Sin embargo, la idea de Éder no salió bien. El mar
prestaba un vaivén casi imperceptible a la balsa, suficiente
para retorcer la barriga de Sala y provocar tirantez en las
cuencas de sus ojos, que trataban de rebelarse ante ese
contoneo girándose en dirección contraria.
—Creo que volveré a vomitar.
—Vamos…, te acostumbrarás. Mira al horizonte, esas
nubes imposibles de alcanzar.
Sala no pudo resistirlo e impregnó las aguas con lo que
salió de su boca.
Ella no entendía cómo se mareaba en barco. Recordaba una semana de viaje desde las costas de Plúbea hasta
Mesolia, en su juventud. Entonces era una adolescente
y cruzó el Tesén en una nave comercial, un carguero de
gran calado con el que llegó por primera vez a Vestigia.

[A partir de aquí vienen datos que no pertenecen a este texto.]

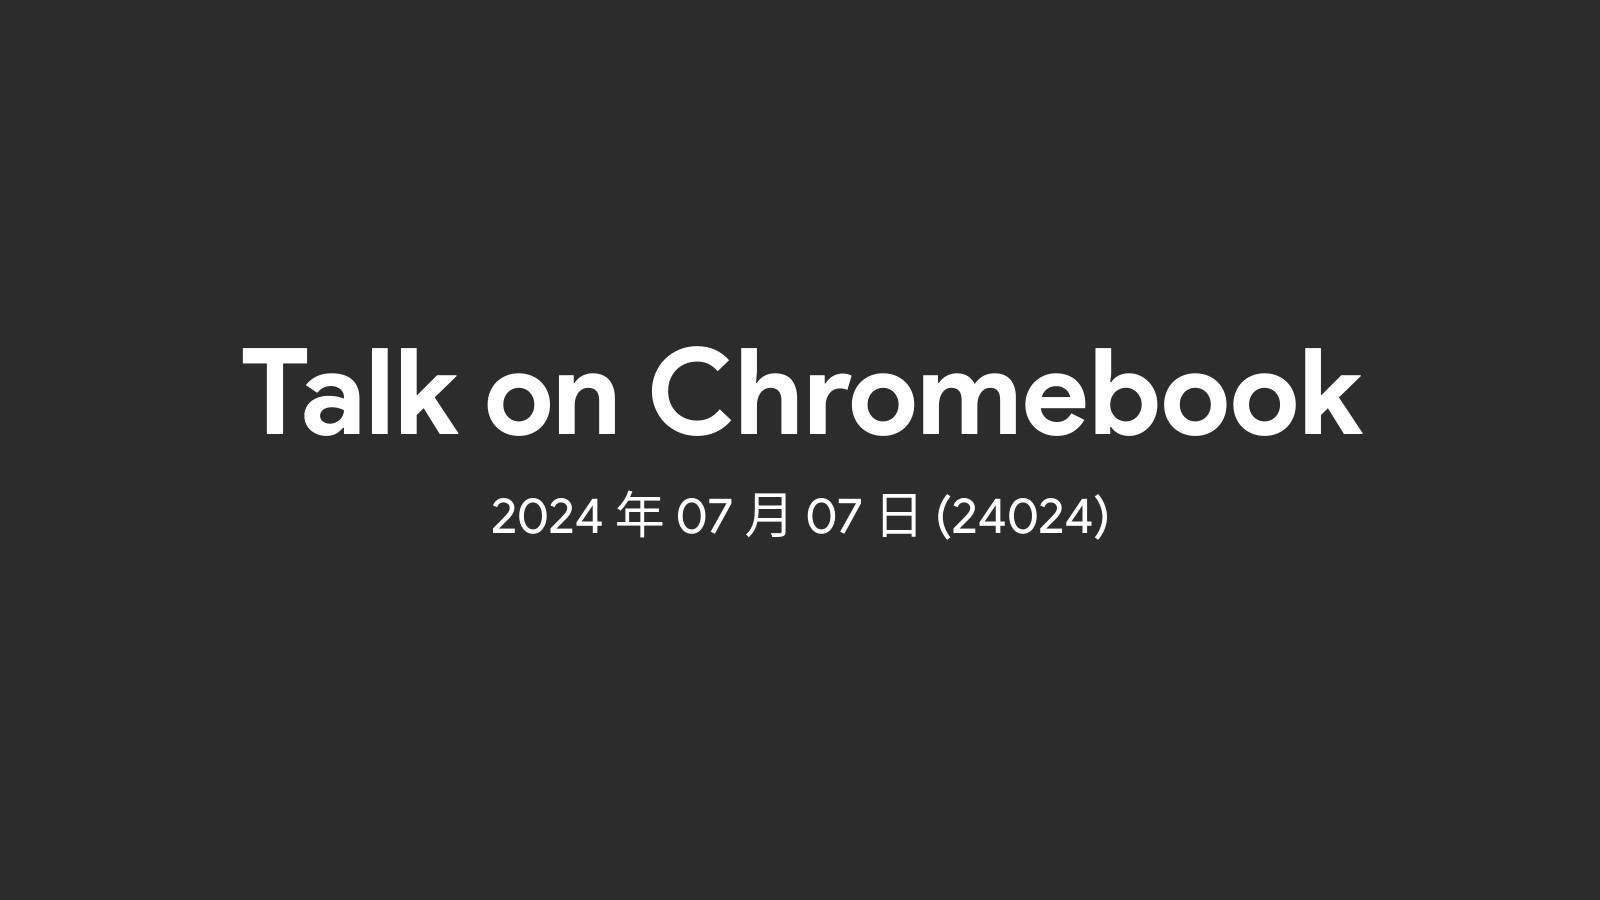 2024年07月07日 – 週間 Chromebook ニュース (24024) のアイキャッチ画像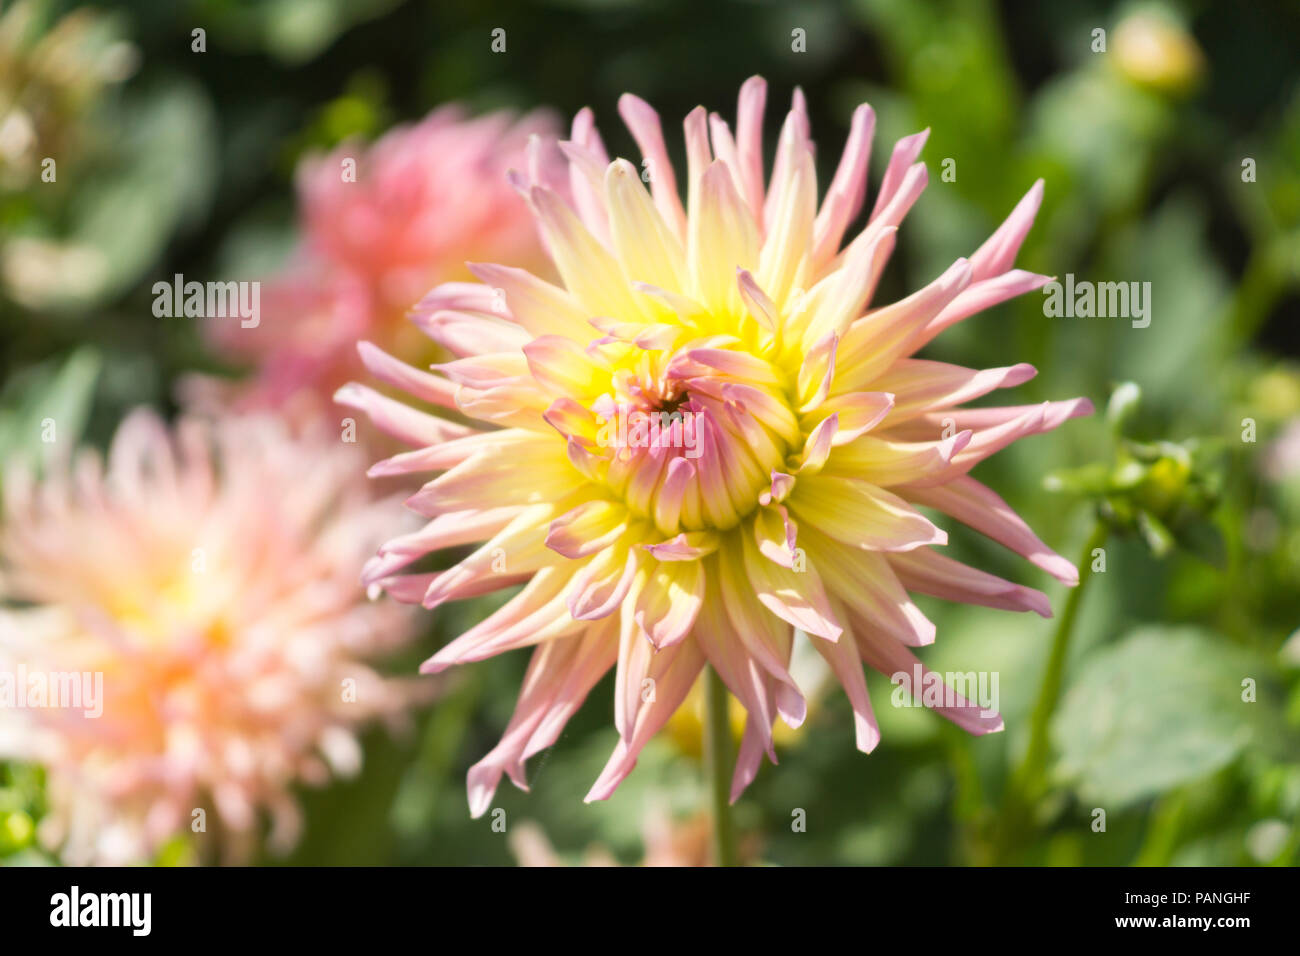 Un hermoso ejemplo de un Alfred Grille Dahlia (Cactus Dahlia - familia Asteraceae) con dos tonos de rosa y amarillo 'doble flor', Baja Austria Foto de stock

Recordaba haberse divertido buscando con la mirada
peces que brincaban en las aguas; escuchaba el casco del
barco sesgar el mar y exploraba cada una de las cubiertas
y entresijos del navío.
—Intentaremos pescar otro de estos… y volveremos al
barco. Creo que la balsa te sienta peor.
Éder tenía paciencia. No la reprendía o atosigaba.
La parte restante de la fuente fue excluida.